By assembling in such a process, the gap (play) required for inserting the roller bearing between the bearing housing and the rotating shaft is no longer required. Therefore, a high-speed spindle motor having no backlash between the bearing housing, the roller bearing, and the rotary shaft can be configured.
Therefore, the problem of the shaft runout and surface runout of the rotor, which has been inevitably caused by the play, is solved. Also, Retainer 1
Since the back surfaces 11C of the first roller holding portions 11a and 11b are formed in an arc shape in the axial direction, it is possible to easily insert the rollers and to reduce frictional resistance during rotation.

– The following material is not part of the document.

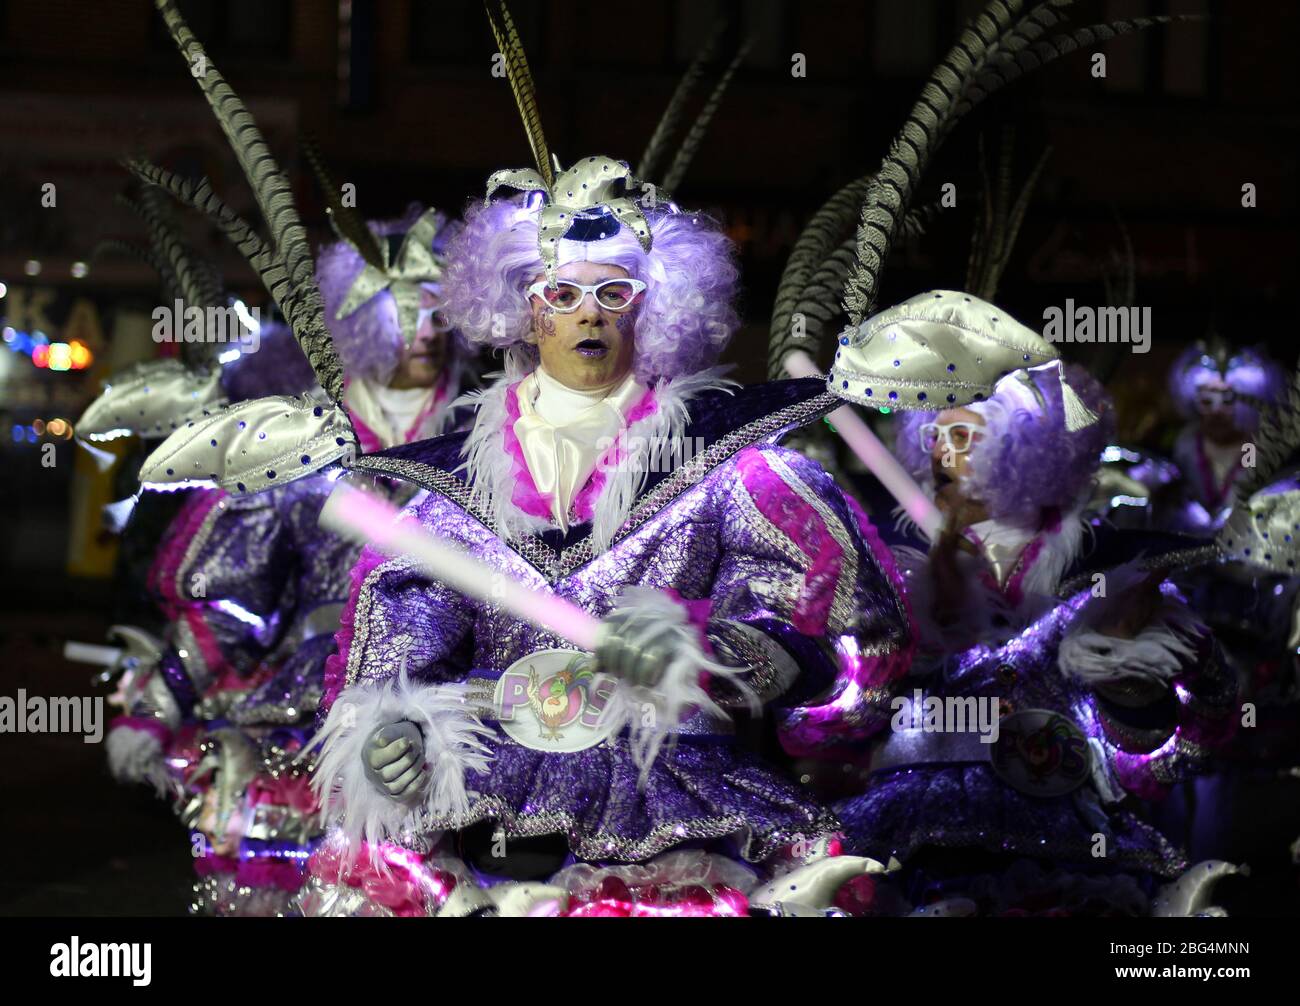 Mardi gras parade night hi-res stock photography and images - Alamy

[Brief description of the drawings]

FIG. 1 is a sectional view of an essential part showing a first embodiment of the present invention;

FIG. 2 is a plan sectional view showing a bearing housing part of a section taken along line CC of FIG. 1;

FIG. 3 is an enlarged sectional view of a main part showing a retainer and rollers of FIG. 1;

FIG. 4 is a sectional view showing a second embodiment.

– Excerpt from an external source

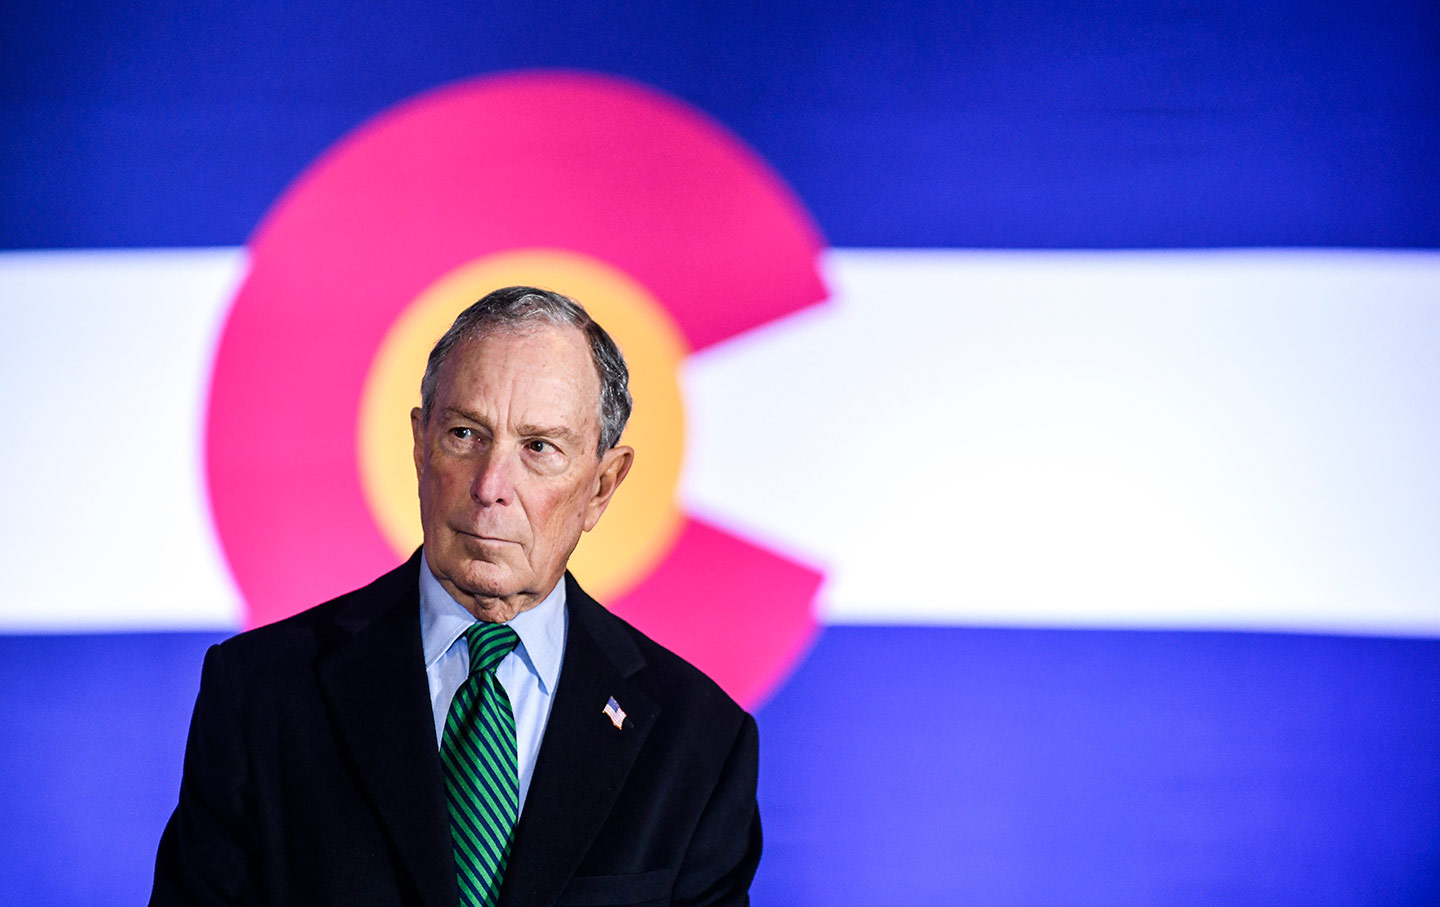 Michael Bloomberg Has an Anti-Democratic Streak

FIG. 5 is a sectional plan view showing a conventional roller bearing.

[Explanation of symbols]

 DESCRIPTION OF SYMBOLS 1, 15 Bearing housing 2, 7 Rotating shaft 3 Roller bearing 4 Stator base 5 Stator core 6 Coil 8 Rotor case 9 Roller group in 1st row 10 Roller group in 2nd row 11 Retainer 12 Washer 14 Magnet

 ──────────────────────────────────────────────────続 き Continued on the front page F term (reference) 3J101 AA13 AA33 AA42 AA52 AA62 AA72 BA11 FA01 FA15 FA46 GA24 5H605 BB05 BB15 BB19 CC02 CC04 DD09 EB10 EB16 GG04 5H621 BB07 GA01 JK08 JK13 JK19

Claims (4)

[Claims] 1. A first row in which a bearing housing is implanted in a central portion of a stator base and a rotary shaft is provided inside the bearing housing, and the orbit revolves on a track at a first distance from a rotation center. And a second row of rollers that revolves on a trajectory at a second distance from the center of rotation to support the rotating shaft. 2. The high-speed spindle motor according to claim 1, wherein the first group of rollers and the second group of rollers are positioned by a retainer made of resin. 3. The trajectory at a first distance from the rotation center is defined as an outer peripheral surface of the rotation shaft, and the trajectory at a second distance from the rotation center is defined as an inner peripheral surface of the bearing housing. Alternatively, the high-speed spindle motor according to claim 2. 4. A first row in which a bearing housing is implanted in a central portion of a stator base, a rotating shaft is provided inside the bearing housing, and the rotating shaft revolves on a track at a first distance from the center of rotation. In the method for manufacturing a spindle motor supported by a group of rollers and a group of rollers that revolves on a track at a second distance from the center of rotation, the retainer and the rotating shaft are loosely fitted inside the bearing housing. A method for manufacturing a high-speed spindle motor, comprising: a first step; and a second step of inserting a roller into a roller holding portion of a loosely fitted retainer.